Supplied material |

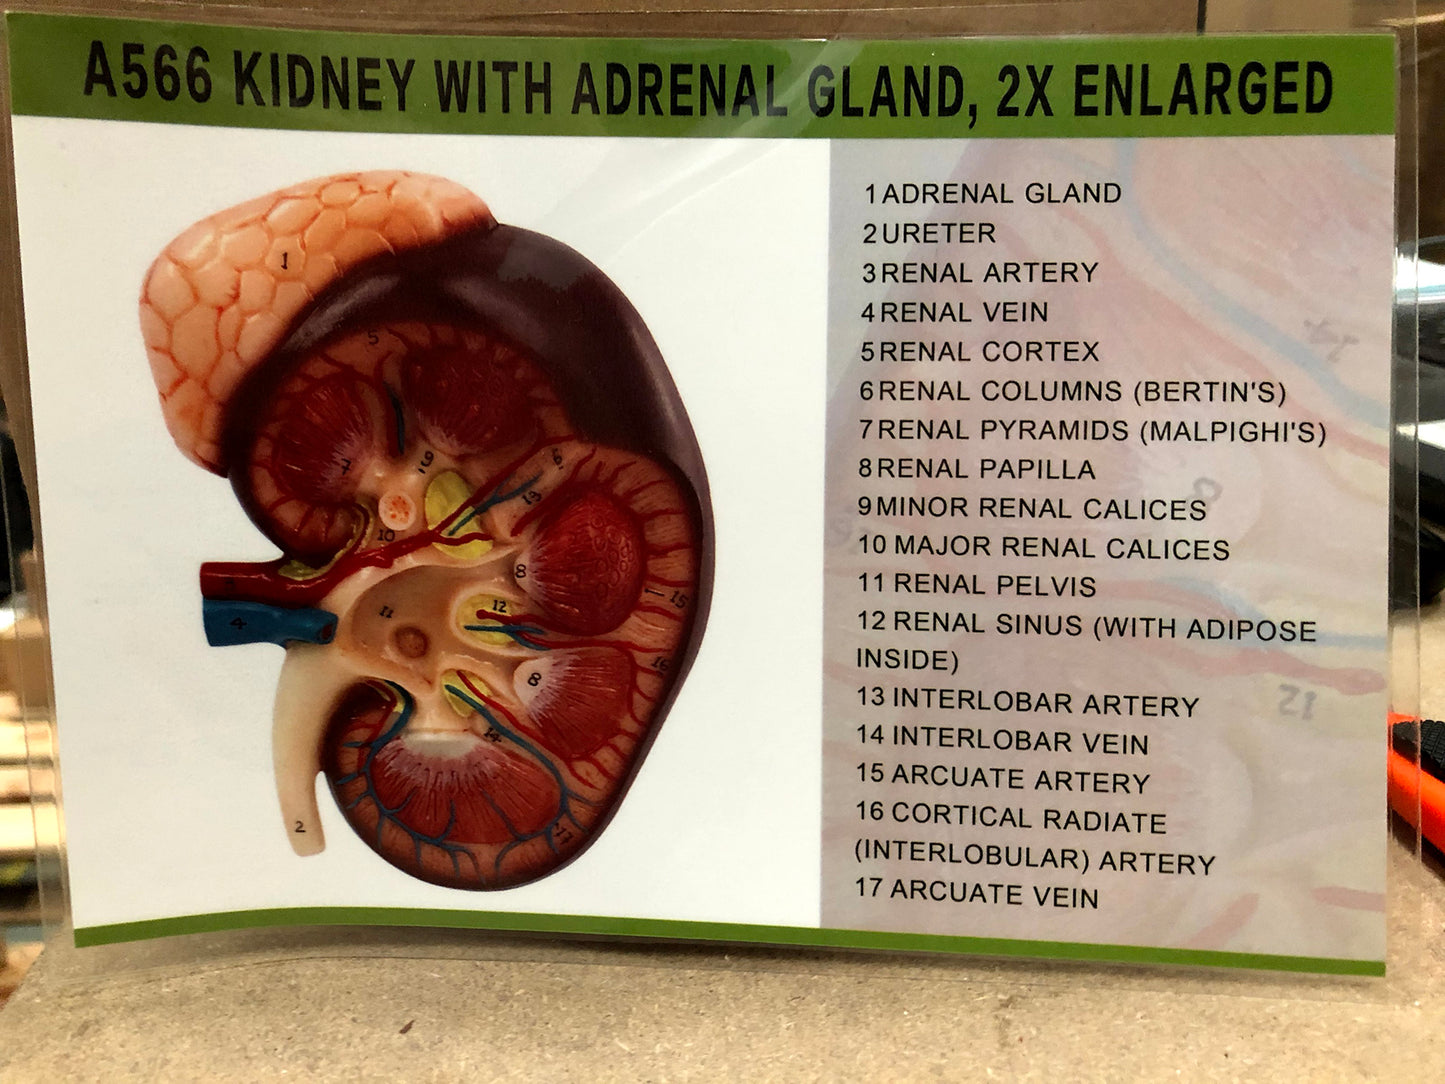 Enlarged kidney model incl. the adrenal gland showing a longitudinal section of the kidney
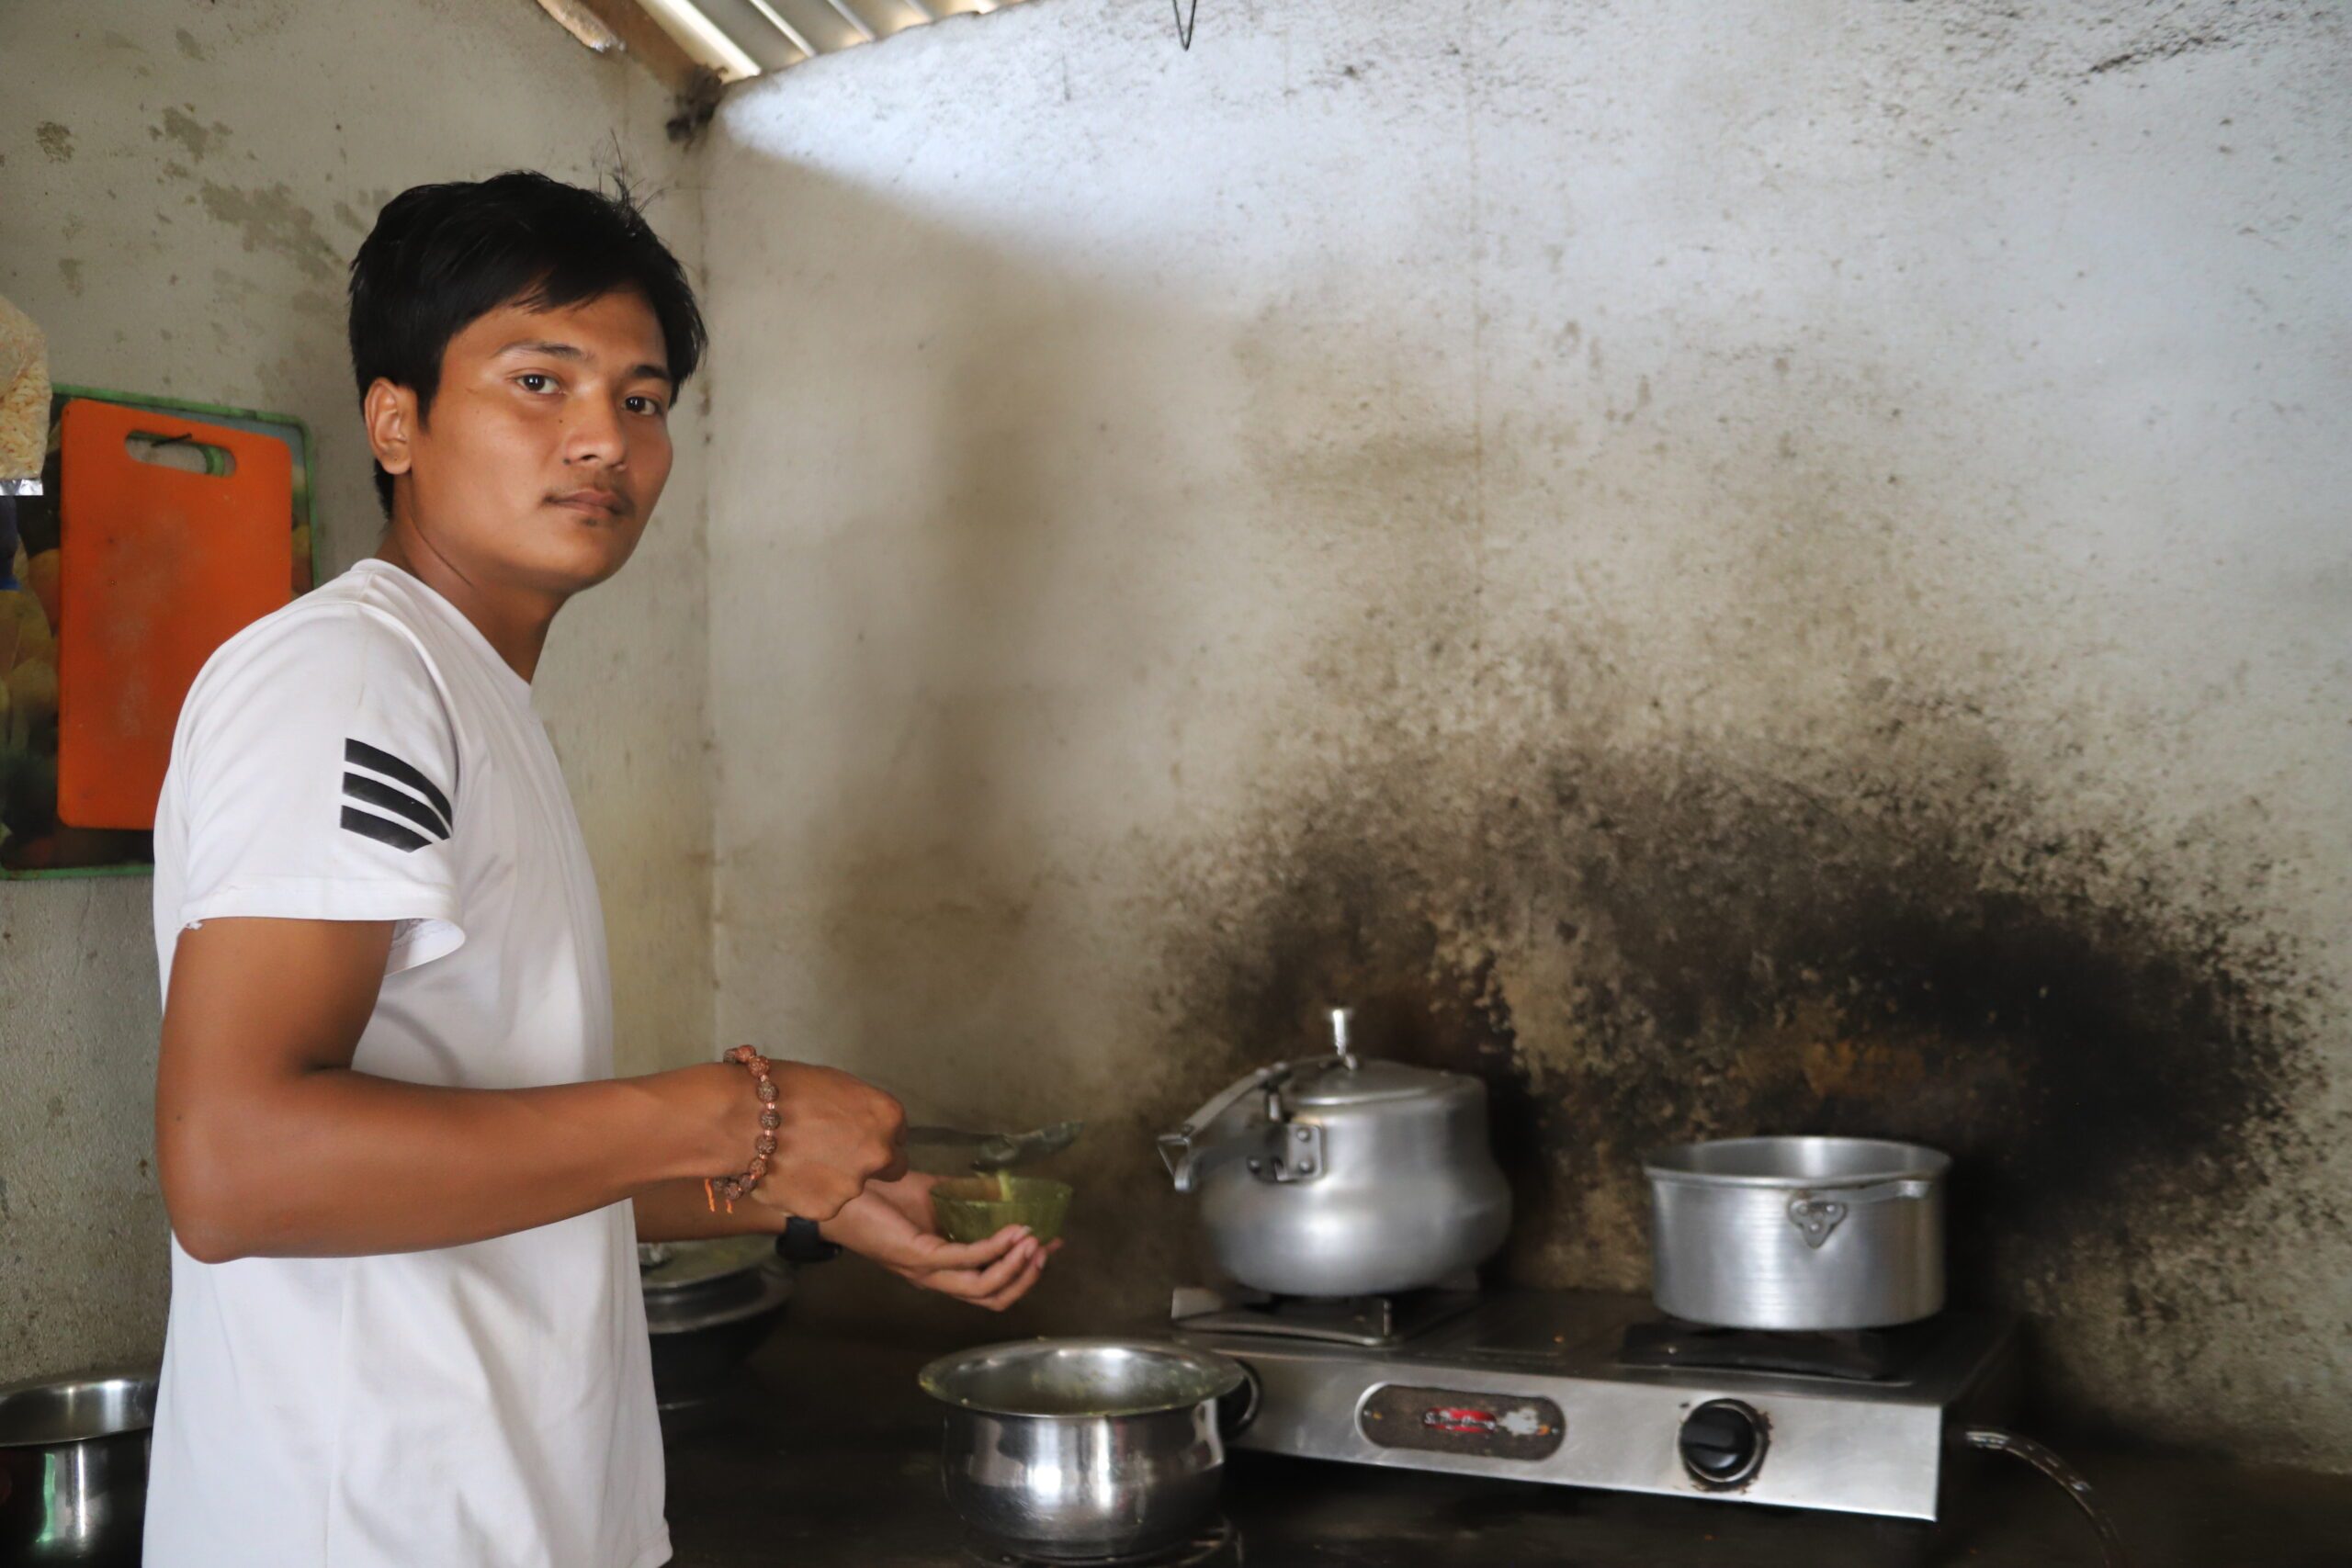 Vivek cooking at home in Nepal
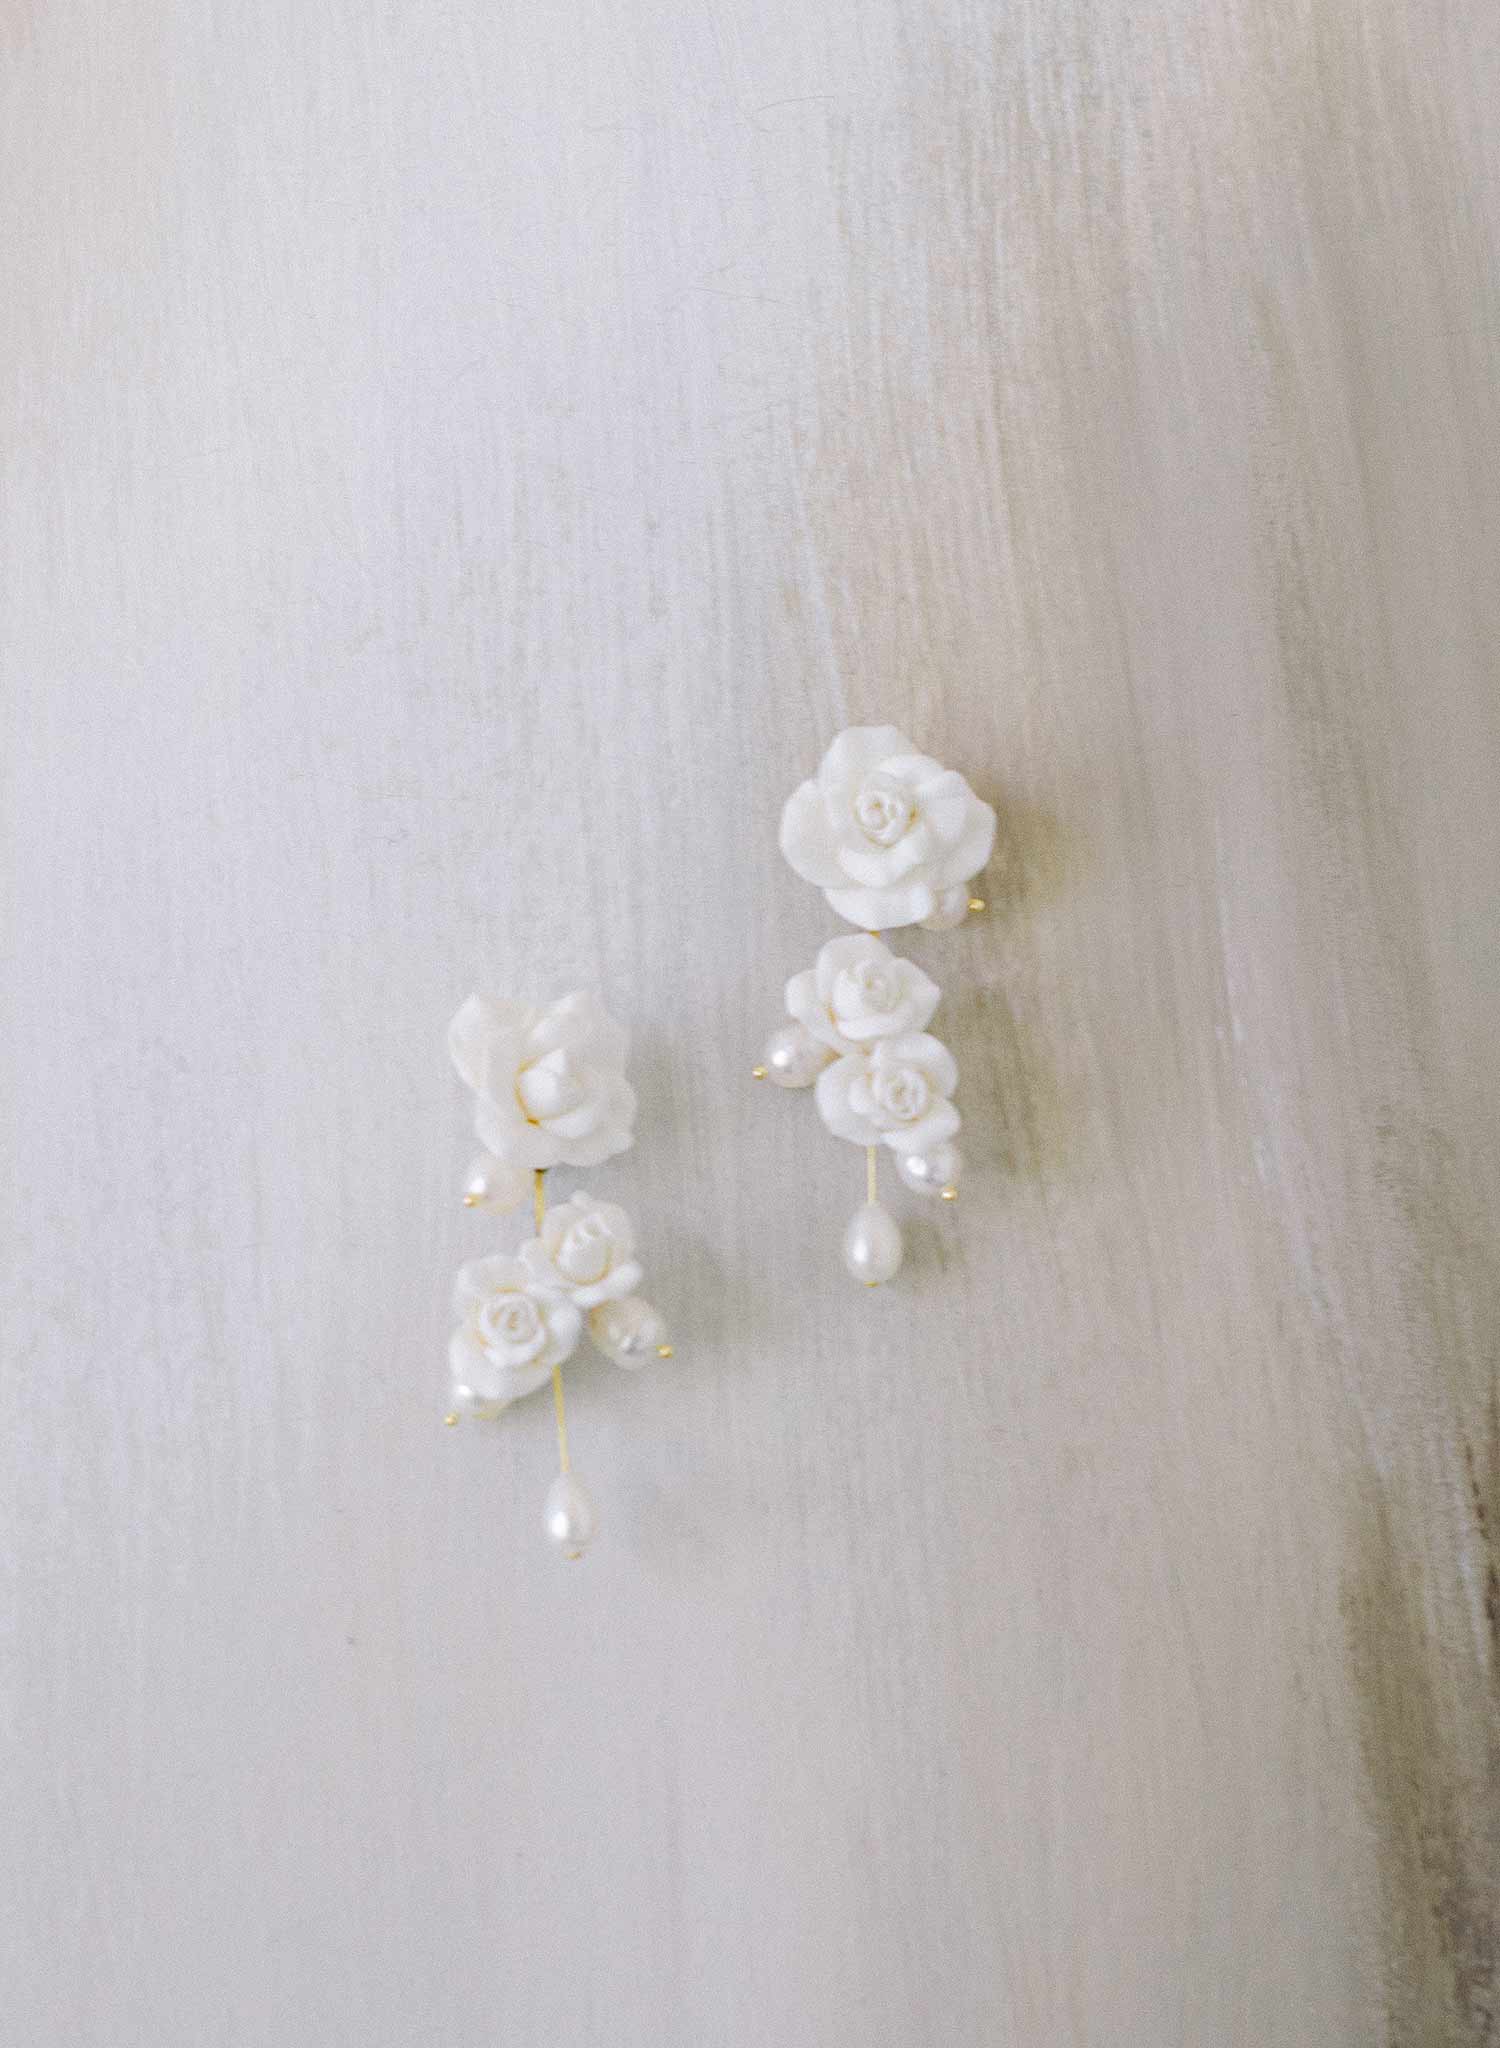 Rose blooms and pearls earrings - Style #2318

Exercise goal | The material must be restated verbatim. Its pictures must be omitted.

Answer section |
 Enlarged kidney model incl. the adrenal gland showing a longitudinal section of the kidney
 Vivek cooking at home in Nepal
 Rose blooms and pearls earrings - Style #2318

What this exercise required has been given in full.